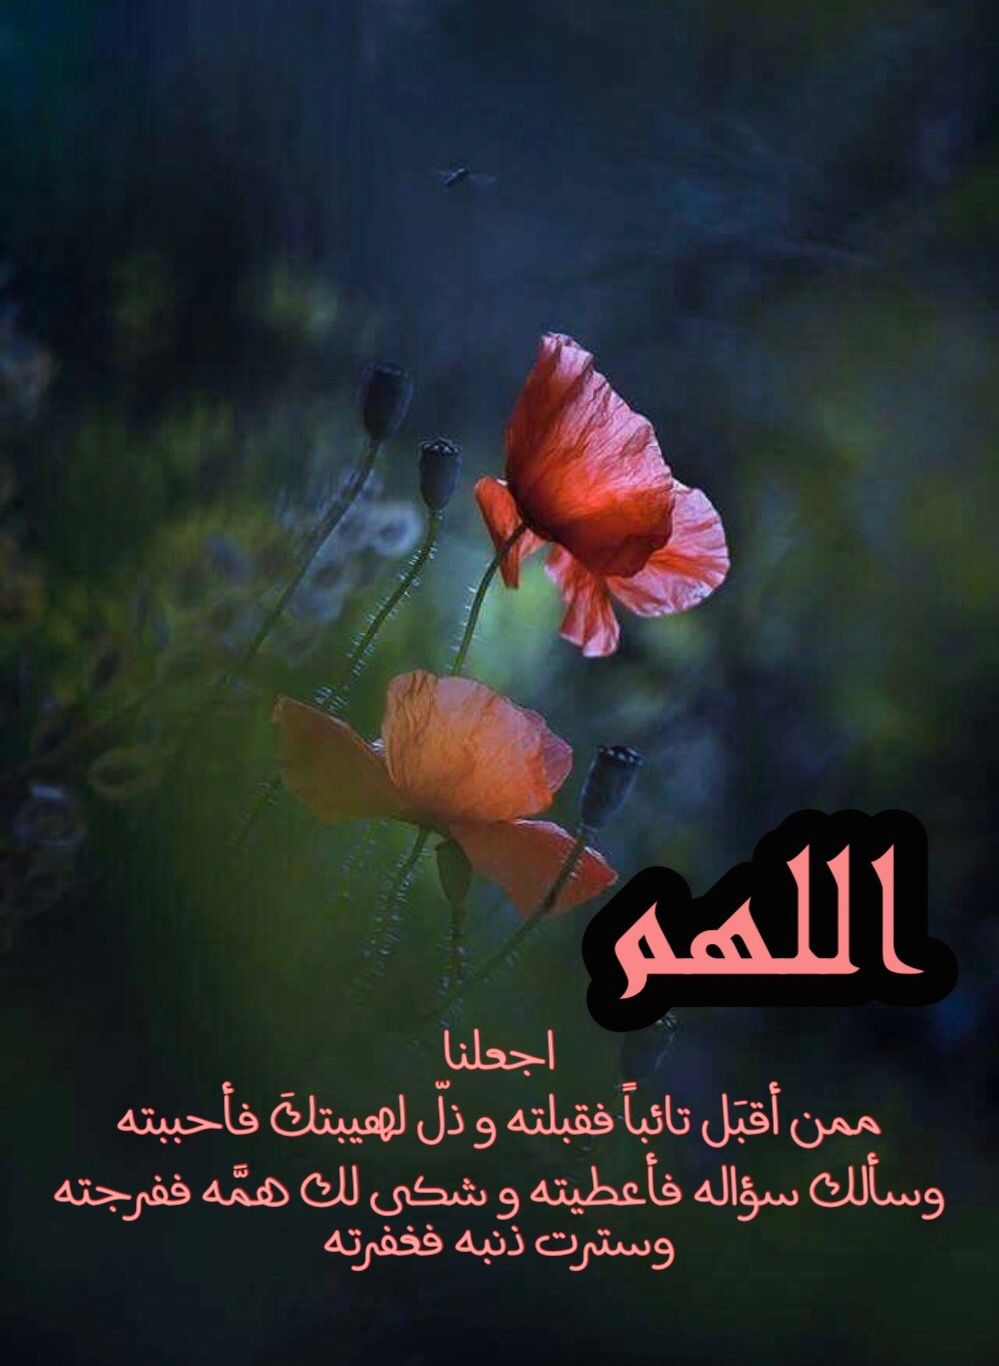 Pin By Bilssan Rim On دعاء Arabic Jokes Arabic Quotes Islam Hadith
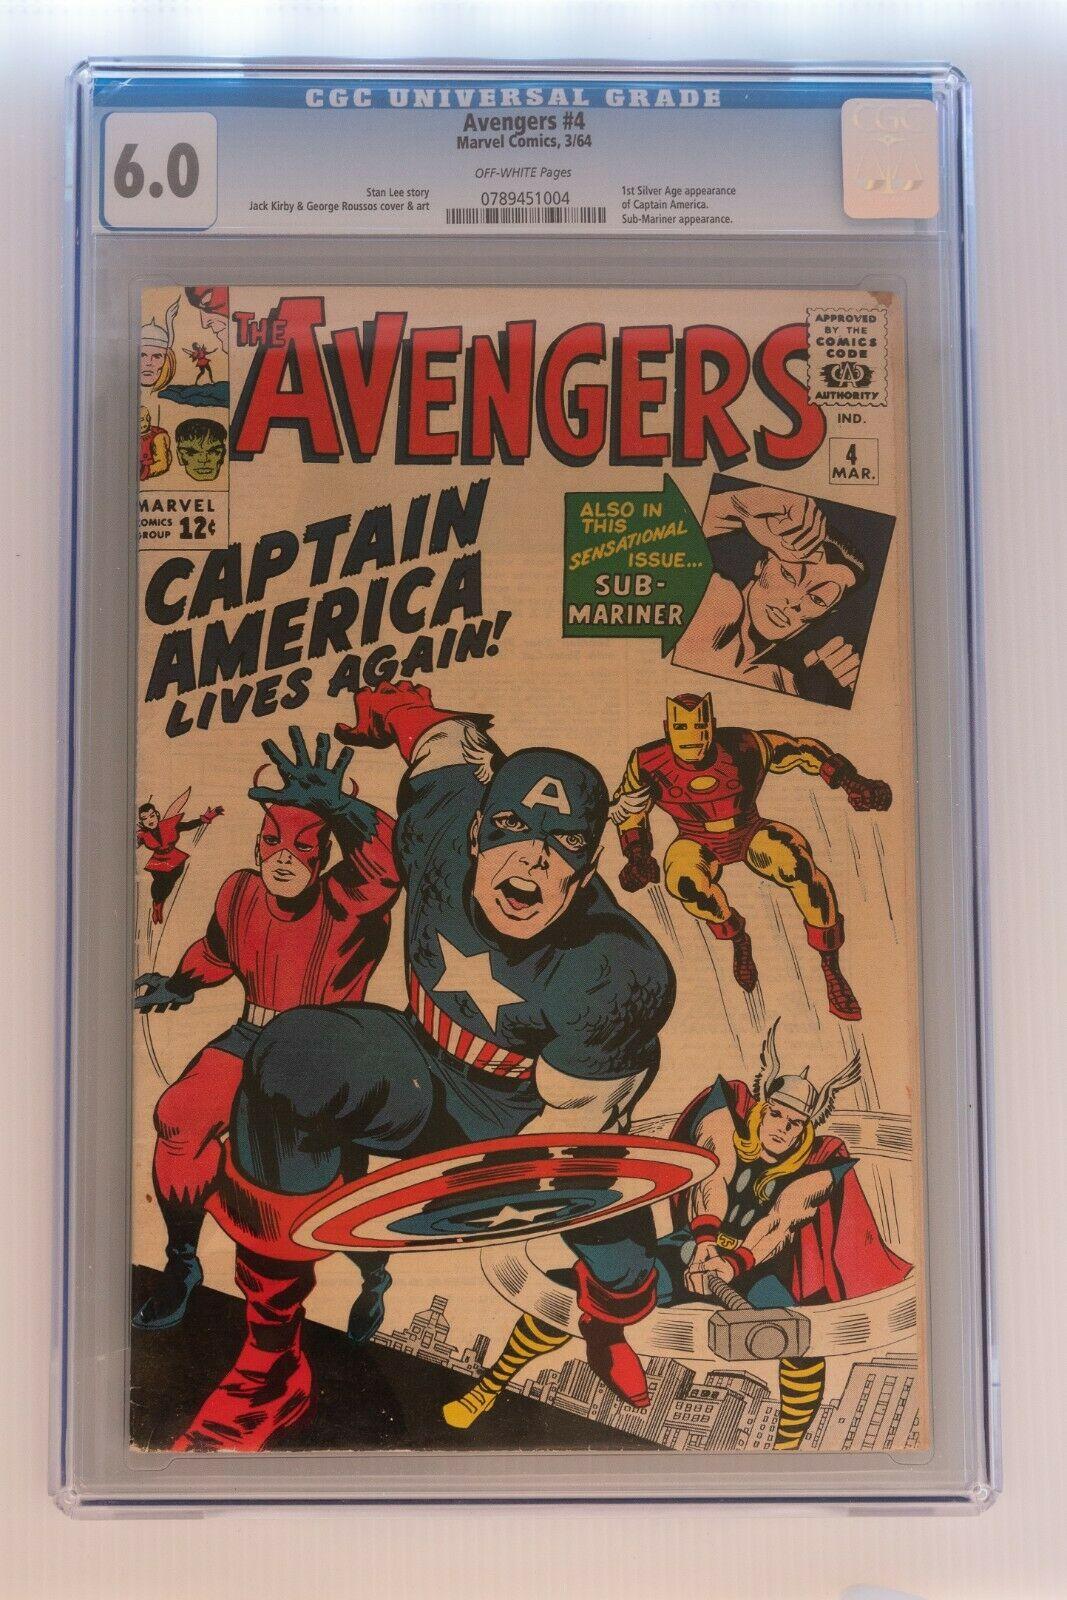 Avengers Issue 4  60 CGC Grade
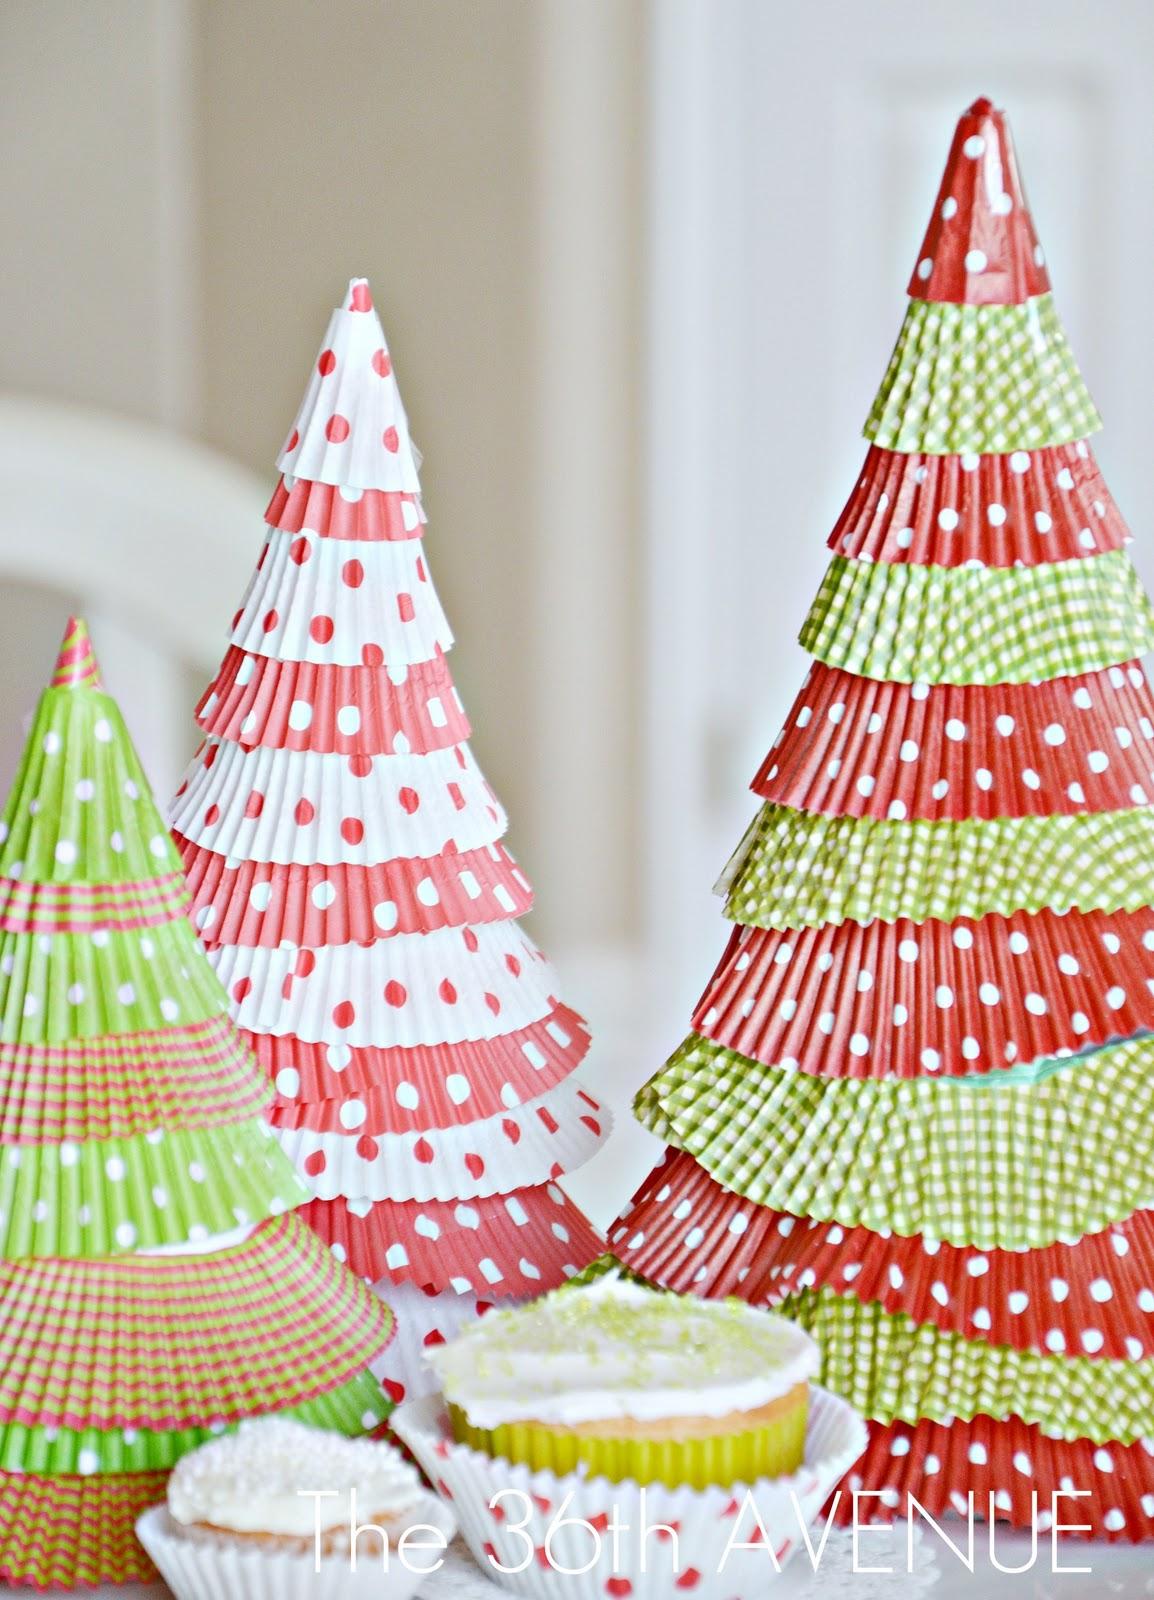 Make cupcake liner christmas trees holiday tutorial tatertots and jello - Bastelideen pinterest ...
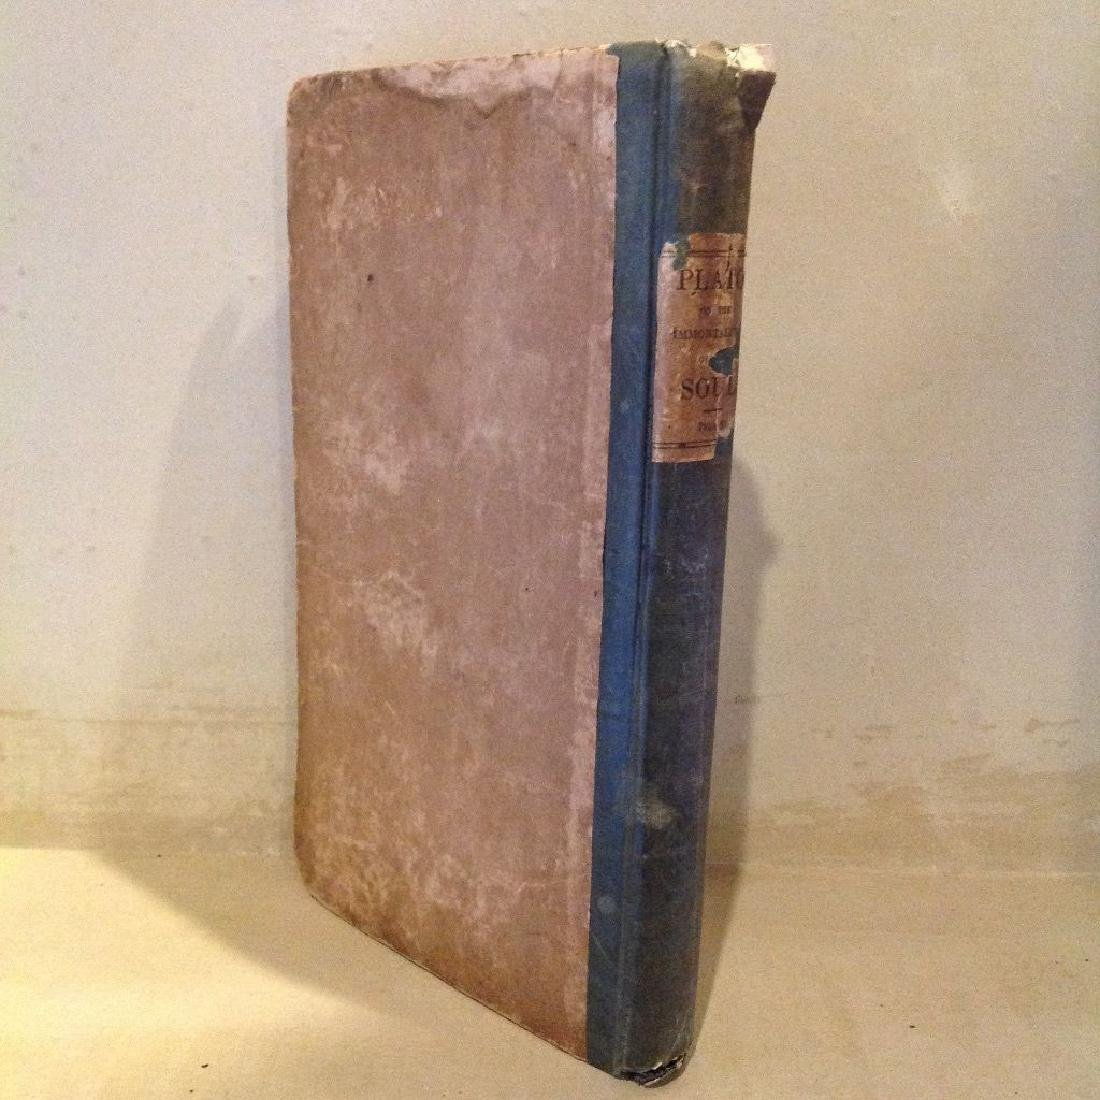 Plato: Phaedon, 1833, 1st Ed - 2

☆ ☆ ☆ ☆ ☆ ☆ ☆

> Work task
Retype exactly, please, the span from the line holding "Avengers Issue 4" through the closing line of the data, both ends included, without the pictures.

> Solved exercise
 Avengers Issue 4  60 CGC Grade
 Make cupcake liner christmas trees holiday tutorial tatertots and jello - Bastelideen pinterest ...
 Plato: Phaedon, 1833, 1st Ed - 2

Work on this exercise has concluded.